As ações de Musk causaram revolta dentro do governo e do Partido Republicano. Ele chegou a brigar e trocar empurrões com o secretário do Tesouro, Scott Bessent, dentro da Casa Branca.
O atrito entre os egos mais inflados do mundo vem à tona depois que Trump declara sua guerra comercial ao resto do mundo, em 2 de abril, impondo tarifaços a quase todos os países do mundo, inclusive a ilhas habitadas apenas por pinguins, num sinal de improvisação, amadorismo e incompetência.
A guerra comercial atingiu as empresas de Musk. Além do X e da fábrica de carros elétricos Tesla, ele é dono da empresa de satélites de comunicação Space Link e da empresa de foguetes espaciais SpaceX, contratada pela NASA (Administração Nacional de Aeronáutica e Espaço) para levar equipamentos e tripulações para a Estação Espacial Internacional. Em 16 missões tripuladas, levou ou trouxe 60 astronautas. Agora, os dois lados ameaçou suspender esse contrato.

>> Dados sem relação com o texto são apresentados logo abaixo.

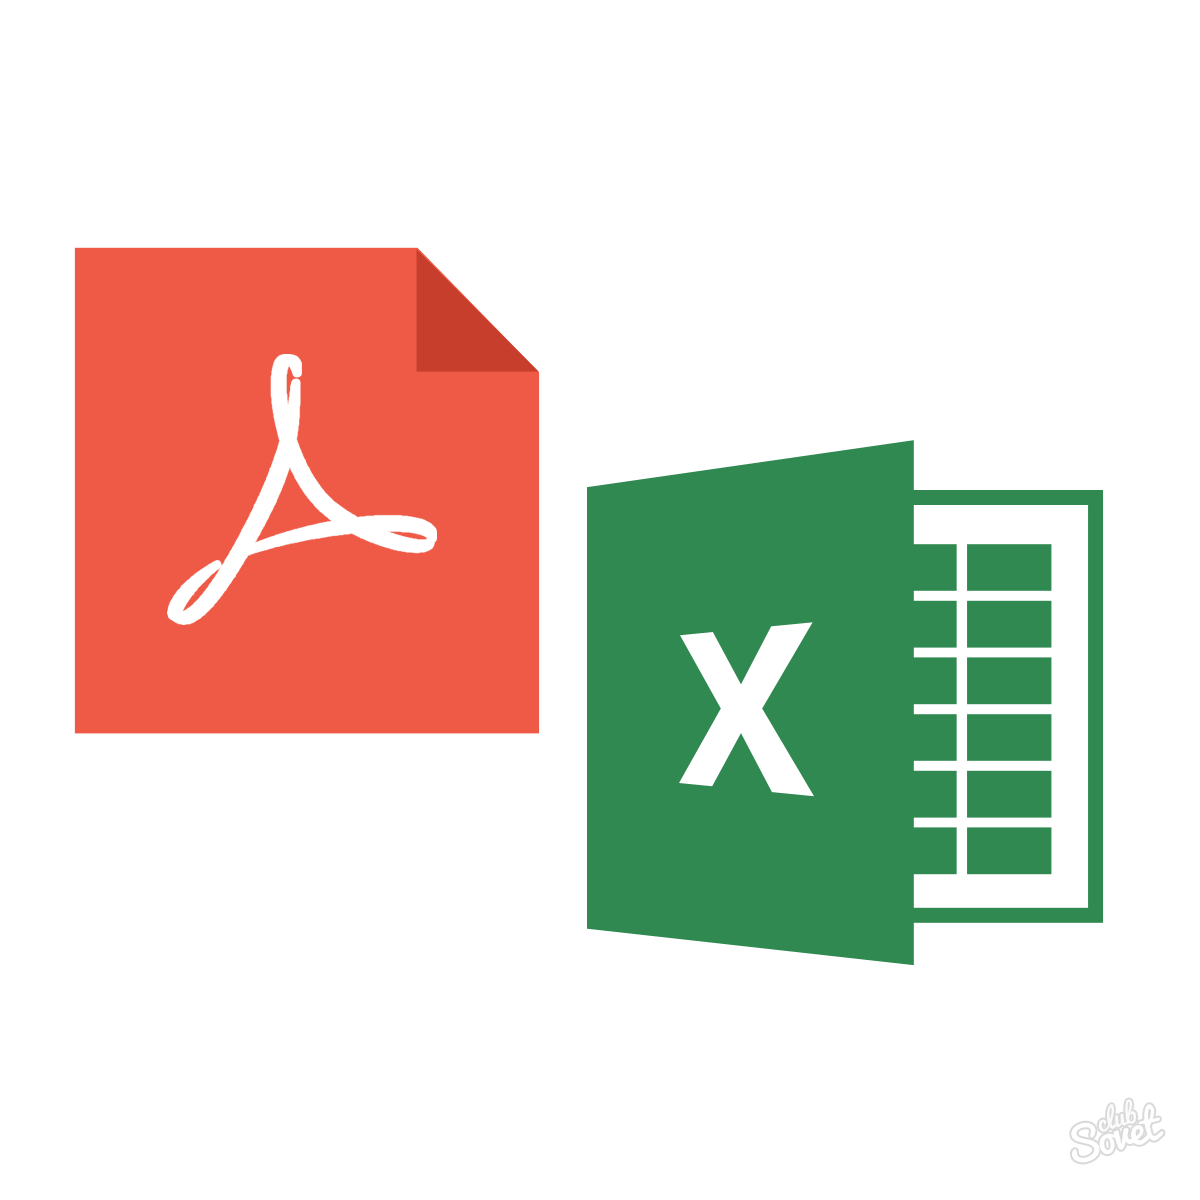 Как Excel перевести в PDF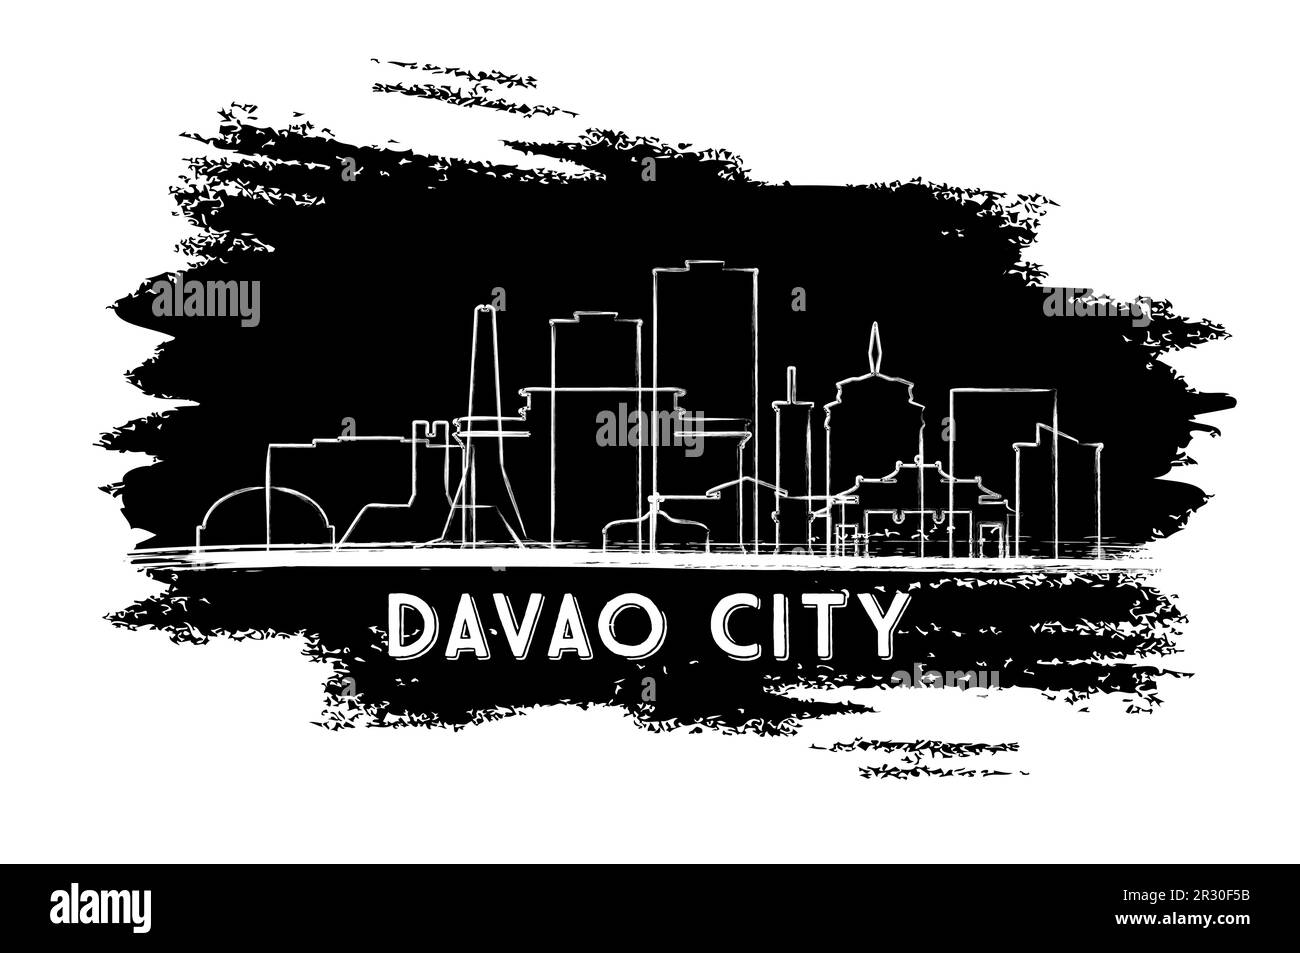 Davao City Philippines Skyline Silhouette. Esquisse dessinée à la main. Concept de voyage d'affaires et de tourisme avec architecture historique. Illustration vectorielle. Illustration de Vecteur

Por causa do terror contra funcionários públicos e do apoio a partidos de extrema direita na Europa, as empresas de Musk começaram a ser boicotadas, principalmente os carros da Tesla. Num gesto sem precedentes, Trump fez propaganda dos carros de Musk na Casa Branca, numa promiscuidade inaceitável entre público e privado na sede do governo dos EUA.
A situação se deteriorou definitivamente quando Musk começou a criticar a Grande e Linda Lei, o projeto em discussão no Congresso que embute as grandes propostas do governo Trump, inclusive cortes de impostos para ricos e grandes empresas, e cortes de programas sociais como Medicaid, que dá assistência de saúde aos pobres, e de medidas para combater o aquecimento global como subsídios a carros elétricos.
A lei deve aumentar a dívida pública, já acima de 120% do produto interno bruto, em mais US$ 3,8 trilhões em uma década pelos cálculos do Escritório da Orçamento do Congresso, um órgão técnico bipartidário.
Há oito dias, Musk anunciou sua saída do governo. Em entrevista na Casa Branca ao lado dele, Trump declarou que Musk não saíra completamente. Ficaria indo e vindo. Em vez dos US$ 2 trilhões de cortes de gastos, o número oficial fala em US$ 150 bilhões. Na realidade, de acordo com a agência de notícias Reuters, seriam apenas US$ 19 bilhões, irrisórios ante o déficit público de US$ 1,8 trilhão (6,4% do PIB) no ano fiscal encerrado em setembro de 2024.
Em meio à derrocada de Musk, o jornal The New York Times revelou que durante a campanha o bilionário usou drogas como ketamina, êxtase e cogumelos psicodélicos. Anos atrás, fumou maconha numa entrevista de rádio transmitida ao vivo com imagens via Internet.
Nos últimos dias, Musk descreveu a lei como uma "abominação repugnante" que destrói seu trabalho de cortar gastos para equilibrar o orçamento e acusou os deputados e senadores que votarem a favor de traidores da pátria que não serão reeleitos.
O projeto foi aprovado por um voto na Câmara. Agora, está no Senado, onde o governo não pode perder três votos e pelo menos dois senadores republicanos fiscalmente conservadores mostram-se irredutíveis. Como o projeto deve ser alterado, deve voltar à Câmara sob pressão de Musk.
Trump respondeu que a melhor maneira de cortar gastos é cancelar os "gordos subsídios" e contratos das empresas do bilionário, que já receberam US$ 40 bilhões do governo dos EUA.
Hoje, Musk declarou guerra total. Acusou Trump de ligação com o pedófilo Epstein: "Sabem por que o dossiê sobre Epstein não foi divulgado? Porque Trump está nele", disparou, sem apresentar provas. O bilionário pediu o impeachment de Trump e sua substituição pelo vice-presidente James David Vance.
O antigo guru de Trump, articulador de uma internacional de extrema direita, que se apresenta como um "leninista de direita", Steve Bannon, antigo desafeto de Musk que hoje não tem cargos no governo, pediu a cassação da cidadania de Musk, que nasceu na África do Sul, sua expulsão do país e a estatização da SpaceX.
Quem tem amigos como Musk e Trump não precisa de inimigos. Será uma guerra longa e cruel. É o início da implosão do governo Trump.